In simple case like this, where key is a small integer, you can assume that hash is an identity (i = hash(i)).
Scala API uses nonNegativeMod to determine partition based on computed hash,
if distribution of keys is not uniform you can end up in situations when part of your cluster is idle
keys have to be hashable. You can check my answer for A list as a key for PySpark's reduceByKey to read about PySpark specific issues. Another possible problem is highlighted by HashPartitioner documentation:
Java arrays have hashCodes that are based on the arrays' identities rather than their contents, so attempting to partition an RDD[Array[]] or RDD[(Array[], _)] using a HashPartitioner will produce an unexpected or incorrect result.
In Python 3 you have to make sure that hashing is consistent. See What does Exception: Randomness of hash of string should be disabled via PYTHONHASHSEED mean in pyspark?

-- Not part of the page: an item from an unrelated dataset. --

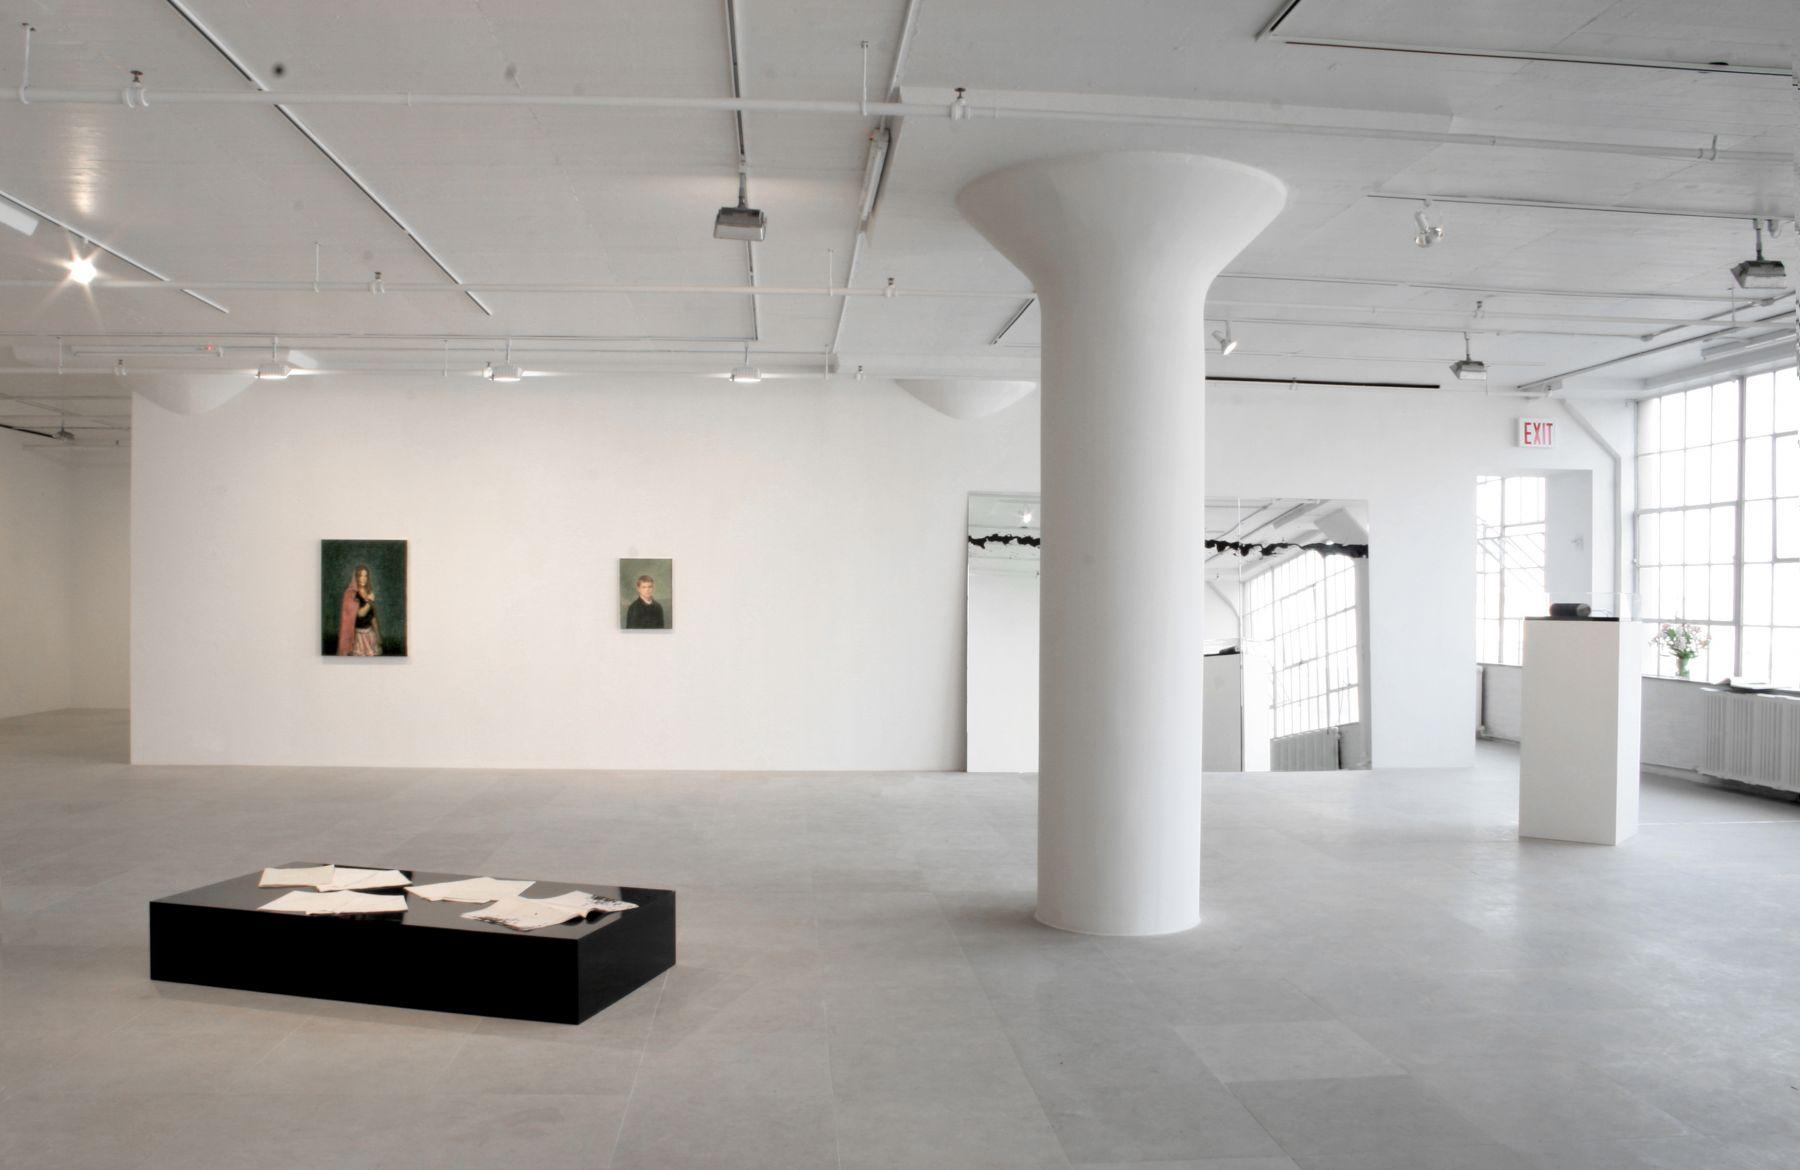 Installation view, Get Over Yourself, Greene Naftali, New York, 2006

Hash partitioner is neither injective nor surjective. Multiple keys can be assigned to a single partition and some partitions can remain empty.
Please note that currently hash based methods don't work in Scala when combined with REPL defined case classes (Case class equality in Apache Spark).
HashPartitioner (or any other Partitioner) shuffles the data. Unless partitioning is reused between multiple operations it doesn't reduce amount of data to be shuffled.
RDD is distributed this means it is split on some number of parts. Each of this partitions is potentially on different machine. Hash partitioner with argument numPartitions chooses on what partition to place pair (key, value) in following way:
Creates exactly numPartitions partitions.
Places (key, value) in partition with number Hash(key) % numPartitions
The HashPartitioner.getPartition method takes a key as its argument and returns the index of the partition which the key belongs to. The partitioner has to know what the valid indices are, so it returns numbers in the right range. The number of partitions is specified through the numPartitions constructor argument.
The implementation returns roughly key.hashCode() % numPartitions. See Partitioner.scala for more details.